-------- SOURCE DATA --------
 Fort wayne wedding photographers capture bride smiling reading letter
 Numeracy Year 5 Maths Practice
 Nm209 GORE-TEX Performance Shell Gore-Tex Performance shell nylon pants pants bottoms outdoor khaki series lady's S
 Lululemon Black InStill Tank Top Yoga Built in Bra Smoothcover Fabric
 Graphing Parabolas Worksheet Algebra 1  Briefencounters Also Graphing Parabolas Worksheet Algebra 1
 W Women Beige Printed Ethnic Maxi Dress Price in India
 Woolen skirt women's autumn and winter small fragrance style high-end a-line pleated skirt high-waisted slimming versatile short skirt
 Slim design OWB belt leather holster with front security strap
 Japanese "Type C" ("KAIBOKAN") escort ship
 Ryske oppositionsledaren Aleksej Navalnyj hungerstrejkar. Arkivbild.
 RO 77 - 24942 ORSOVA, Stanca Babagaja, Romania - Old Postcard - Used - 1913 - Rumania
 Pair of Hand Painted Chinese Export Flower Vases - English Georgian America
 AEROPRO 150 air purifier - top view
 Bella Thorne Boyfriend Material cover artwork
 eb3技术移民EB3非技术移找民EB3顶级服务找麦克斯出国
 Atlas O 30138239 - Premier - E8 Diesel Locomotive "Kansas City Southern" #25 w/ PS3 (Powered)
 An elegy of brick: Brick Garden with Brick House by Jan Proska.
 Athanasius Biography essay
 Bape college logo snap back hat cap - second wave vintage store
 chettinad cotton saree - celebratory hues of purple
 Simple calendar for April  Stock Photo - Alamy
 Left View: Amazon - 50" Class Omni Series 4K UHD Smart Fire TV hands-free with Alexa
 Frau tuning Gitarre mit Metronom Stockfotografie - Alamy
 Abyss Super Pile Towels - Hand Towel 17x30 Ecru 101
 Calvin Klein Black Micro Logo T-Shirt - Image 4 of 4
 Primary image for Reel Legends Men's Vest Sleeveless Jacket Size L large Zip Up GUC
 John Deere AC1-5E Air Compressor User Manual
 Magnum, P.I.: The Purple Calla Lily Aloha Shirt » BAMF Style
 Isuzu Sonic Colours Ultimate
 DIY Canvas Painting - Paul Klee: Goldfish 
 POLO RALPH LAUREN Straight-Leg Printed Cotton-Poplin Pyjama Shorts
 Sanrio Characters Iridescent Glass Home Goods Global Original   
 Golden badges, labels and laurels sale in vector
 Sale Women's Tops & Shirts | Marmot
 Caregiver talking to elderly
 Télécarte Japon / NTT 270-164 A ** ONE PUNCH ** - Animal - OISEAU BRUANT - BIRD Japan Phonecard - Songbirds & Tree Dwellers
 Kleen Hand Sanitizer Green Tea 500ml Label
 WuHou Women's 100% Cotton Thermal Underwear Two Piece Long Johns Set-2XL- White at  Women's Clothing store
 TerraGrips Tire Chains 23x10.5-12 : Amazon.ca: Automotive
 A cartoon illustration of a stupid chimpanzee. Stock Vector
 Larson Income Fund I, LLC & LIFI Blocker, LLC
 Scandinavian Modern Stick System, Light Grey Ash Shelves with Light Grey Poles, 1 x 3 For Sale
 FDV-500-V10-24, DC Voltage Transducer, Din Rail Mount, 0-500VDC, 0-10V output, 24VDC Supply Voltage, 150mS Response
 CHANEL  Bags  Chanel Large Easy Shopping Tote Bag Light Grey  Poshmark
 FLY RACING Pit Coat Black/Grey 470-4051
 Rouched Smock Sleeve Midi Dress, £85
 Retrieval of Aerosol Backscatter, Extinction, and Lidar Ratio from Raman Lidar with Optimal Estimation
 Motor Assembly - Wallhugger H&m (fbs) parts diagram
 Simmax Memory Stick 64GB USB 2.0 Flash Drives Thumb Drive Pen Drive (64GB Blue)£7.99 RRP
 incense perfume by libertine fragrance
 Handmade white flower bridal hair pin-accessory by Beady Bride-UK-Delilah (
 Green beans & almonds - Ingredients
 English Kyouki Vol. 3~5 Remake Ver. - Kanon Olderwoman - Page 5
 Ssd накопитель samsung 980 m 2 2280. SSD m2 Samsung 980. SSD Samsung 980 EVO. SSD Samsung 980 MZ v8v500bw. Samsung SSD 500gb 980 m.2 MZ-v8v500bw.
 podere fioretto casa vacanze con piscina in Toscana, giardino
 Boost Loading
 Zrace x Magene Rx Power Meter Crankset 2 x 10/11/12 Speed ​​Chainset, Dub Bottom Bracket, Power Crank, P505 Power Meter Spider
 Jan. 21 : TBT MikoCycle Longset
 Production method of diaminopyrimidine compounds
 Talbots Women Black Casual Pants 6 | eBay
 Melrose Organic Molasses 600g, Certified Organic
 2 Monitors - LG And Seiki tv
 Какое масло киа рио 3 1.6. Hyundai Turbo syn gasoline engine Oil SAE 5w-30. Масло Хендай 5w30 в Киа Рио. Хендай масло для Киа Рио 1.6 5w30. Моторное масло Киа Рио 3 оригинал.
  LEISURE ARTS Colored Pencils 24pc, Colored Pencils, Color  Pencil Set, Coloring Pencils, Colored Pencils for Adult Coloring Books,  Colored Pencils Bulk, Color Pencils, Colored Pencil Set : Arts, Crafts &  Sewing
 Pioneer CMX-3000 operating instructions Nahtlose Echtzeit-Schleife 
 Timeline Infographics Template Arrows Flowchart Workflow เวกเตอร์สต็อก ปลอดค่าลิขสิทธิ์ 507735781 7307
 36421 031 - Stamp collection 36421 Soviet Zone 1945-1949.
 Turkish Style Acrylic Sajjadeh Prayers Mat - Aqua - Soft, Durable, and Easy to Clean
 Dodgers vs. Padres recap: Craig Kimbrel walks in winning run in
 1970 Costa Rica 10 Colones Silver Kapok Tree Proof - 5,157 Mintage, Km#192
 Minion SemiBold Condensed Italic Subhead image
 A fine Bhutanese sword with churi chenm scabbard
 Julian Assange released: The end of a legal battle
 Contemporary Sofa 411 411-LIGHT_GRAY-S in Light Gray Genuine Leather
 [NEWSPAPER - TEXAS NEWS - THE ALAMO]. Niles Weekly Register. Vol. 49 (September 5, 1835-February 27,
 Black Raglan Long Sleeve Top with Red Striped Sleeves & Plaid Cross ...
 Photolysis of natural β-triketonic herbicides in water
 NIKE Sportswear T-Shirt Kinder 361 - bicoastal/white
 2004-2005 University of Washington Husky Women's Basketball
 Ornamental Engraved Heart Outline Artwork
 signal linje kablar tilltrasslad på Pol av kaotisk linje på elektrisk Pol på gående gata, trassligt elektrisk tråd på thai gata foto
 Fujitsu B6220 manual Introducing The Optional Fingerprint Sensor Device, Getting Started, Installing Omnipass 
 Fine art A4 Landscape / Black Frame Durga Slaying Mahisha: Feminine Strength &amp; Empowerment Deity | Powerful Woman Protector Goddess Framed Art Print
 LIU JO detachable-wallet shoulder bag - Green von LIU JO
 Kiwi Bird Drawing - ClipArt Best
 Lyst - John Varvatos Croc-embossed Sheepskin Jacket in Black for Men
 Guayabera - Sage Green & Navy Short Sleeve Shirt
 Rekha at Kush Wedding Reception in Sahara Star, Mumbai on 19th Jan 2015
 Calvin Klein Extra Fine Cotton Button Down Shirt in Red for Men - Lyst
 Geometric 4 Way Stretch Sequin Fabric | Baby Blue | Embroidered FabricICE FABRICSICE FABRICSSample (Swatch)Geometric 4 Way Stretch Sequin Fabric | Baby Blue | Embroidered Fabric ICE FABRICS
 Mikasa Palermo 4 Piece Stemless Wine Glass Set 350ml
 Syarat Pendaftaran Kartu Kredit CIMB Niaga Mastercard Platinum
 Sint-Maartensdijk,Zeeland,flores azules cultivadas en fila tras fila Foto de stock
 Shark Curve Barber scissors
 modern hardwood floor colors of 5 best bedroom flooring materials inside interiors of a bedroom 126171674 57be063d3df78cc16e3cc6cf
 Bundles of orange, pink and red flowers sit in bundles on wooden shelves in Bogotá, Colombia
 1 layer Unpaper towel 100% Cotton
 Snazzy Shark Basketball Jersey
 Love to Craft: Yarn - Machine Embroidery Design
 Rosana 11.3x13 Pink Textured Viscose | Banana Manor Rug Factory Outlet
--------
• **WORK INSTRUCTION**: Look back at the entries above and repeat, unchanged, every line from the line holding "John Deere AC1-5E Air Compressor User Manual" through the line holding "Larson Income Fund".

• **TASK SOLUTION**:
 John Deere AC1-5E Air Compressor User Manual
 Magnum, P.I.: The Purple Calla Lily Aloha Shirt » BAMF Style
 Isuzu Sonic Colours Ultimate
 DIY Canvas Painting - Paul Klee: Goldfish 
 POLO RALPH LAUREN Straight-Leg Printed Cotton-Poplin Pyjama Shorts
 Sanrio Characters Iridescent Glass Home Goods Global Original   
 Golden badges, labels and laurels sale in vector
 Sale Women's Tops & Shirts | Marmot
 Caregiver talking to elderly
 Télécarte Japon / NTT 270-164 A ** ONE PUNCH ** - Animal - OISEAU BRUANT - BIRD Japan Phonecard - Songbirds & Tree Dwellers
 Kleen Hand Sanitizer Green Tea 500ml Label
 WuHou Women's 100% Cotton Thermal Underwear Two Piece Long Johns Set-2XL- White at  Women's Clothing store
 TerraGrips Tire Chains 23x10.5-12 : Amazon.ca: Automotive
 A cartoon illustration of a stupid chimpanzee. Stock Vector
 Larson Income Fund I, LLC & LIFI Blocker, LLC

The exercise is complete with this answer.